Sent from Petguide.com Free App


----------



## Abby (Jul 30, 2010)

Congratulations on your new baby!
In my opinion, if you don't like bird poop and can't handle it, don't get a bird. I wouldn't ever risk trying to potty train a bird, even a large one, and especially not a cockatiel. Cockatiel poop is small and easily cleaned up anyway.


----------



## Renae (Feb 9, 2008)

The dangers and repercussions are not worth it IMO.


----------



## eduardo (Jan 27, 2012)

I agree, I wouldn't potty train a bird. Not a cockatiel anyway.
Have fun with your new friend, tiels are very lovable.


----------



## annabelcc (Jun 4, 2013)

Alright, you've talked me out of it. I'm glad I asked actual cockatiel owners instead of just going off google. 

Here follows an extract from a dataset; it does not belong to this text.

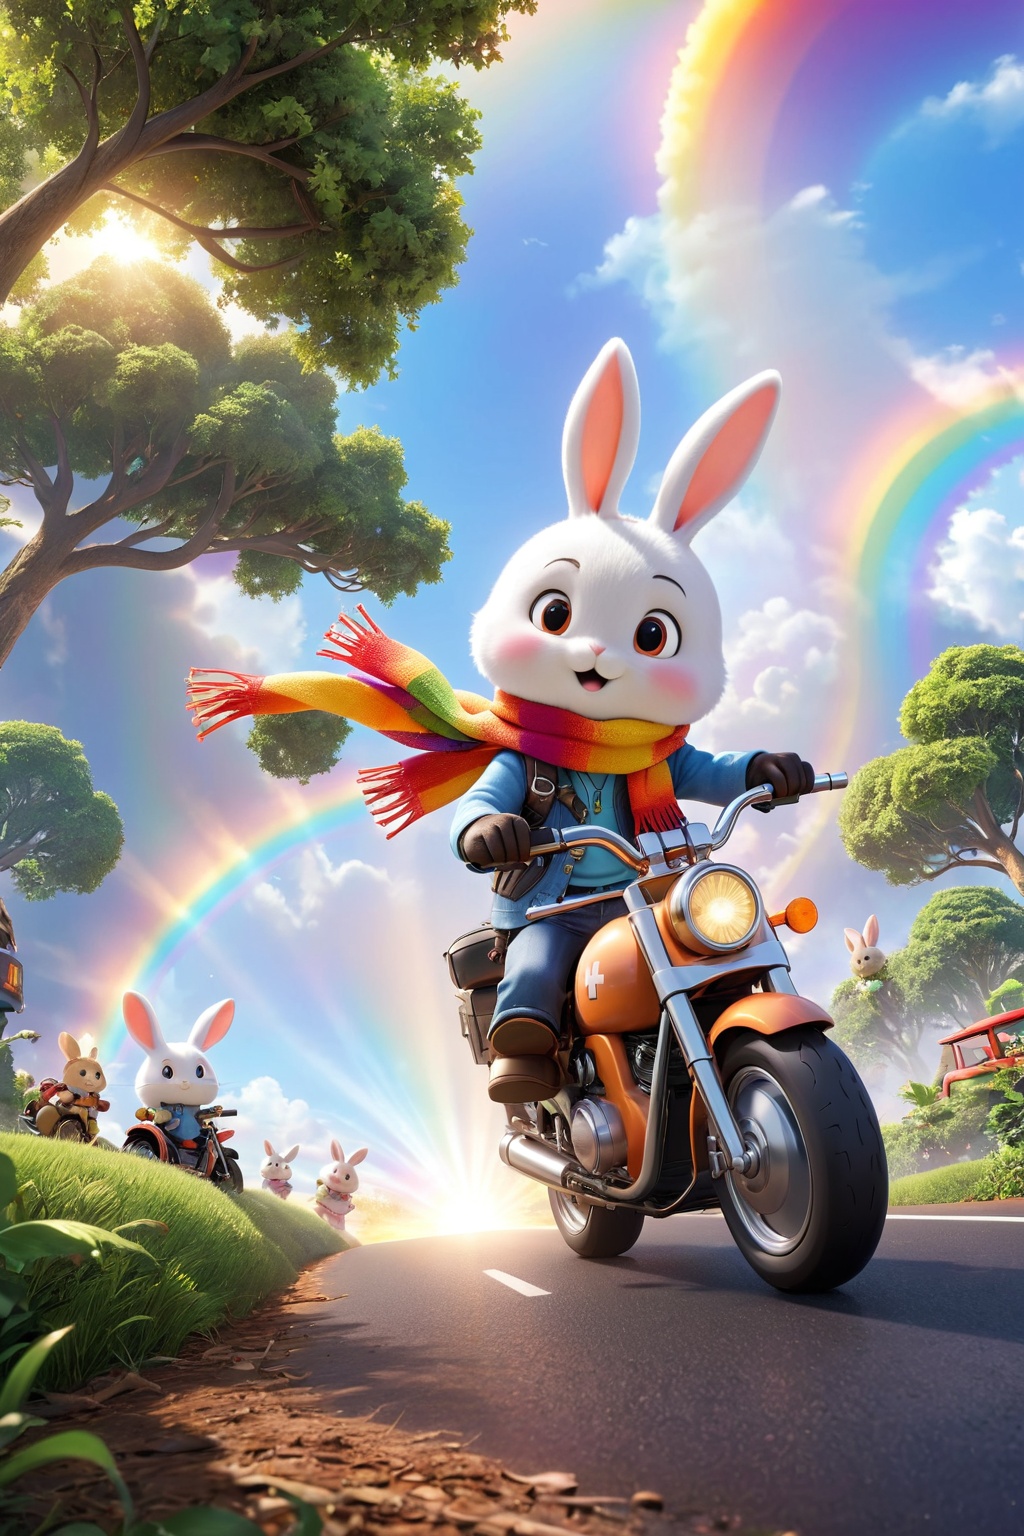 professional 3d model,anime artwork pixar,3d style,good shine,OC rendering,highly detailed,volumetric,dramatic lighting,furry,cute,(a bunny riding a motorcycle:1.1),rabbit,solo,(motor vehicle:1.2),riding,scarf,running on the rainbow,tree,extreme perspective,looking up at the camera,rainbow,fire spray,speed,humorous,beautiful colorful background,very beautiful,masterpiece,best quality,super detail,anime style,key visual,vibrant,studio anime

I still don't know what to use as treats for clicker training though, since she isn't a millet fan.


----------



## roxy culver (May 27, 2010)

Does she like sunflower seeds? Or a particular veggie? Anything that she goes nuts for would make a good treat for training. If she likes scritches, that would work too.


----------



## annabelcc (Jun 4, 2013)

Scritches seems like an adequate option, she always shoves her head into my hand for some loving.

I haven't found any food she goes nuts for yet - I might try some of those already shelled sunflower seeds, I'll just need to hunt down where to get them from in NZ.


----------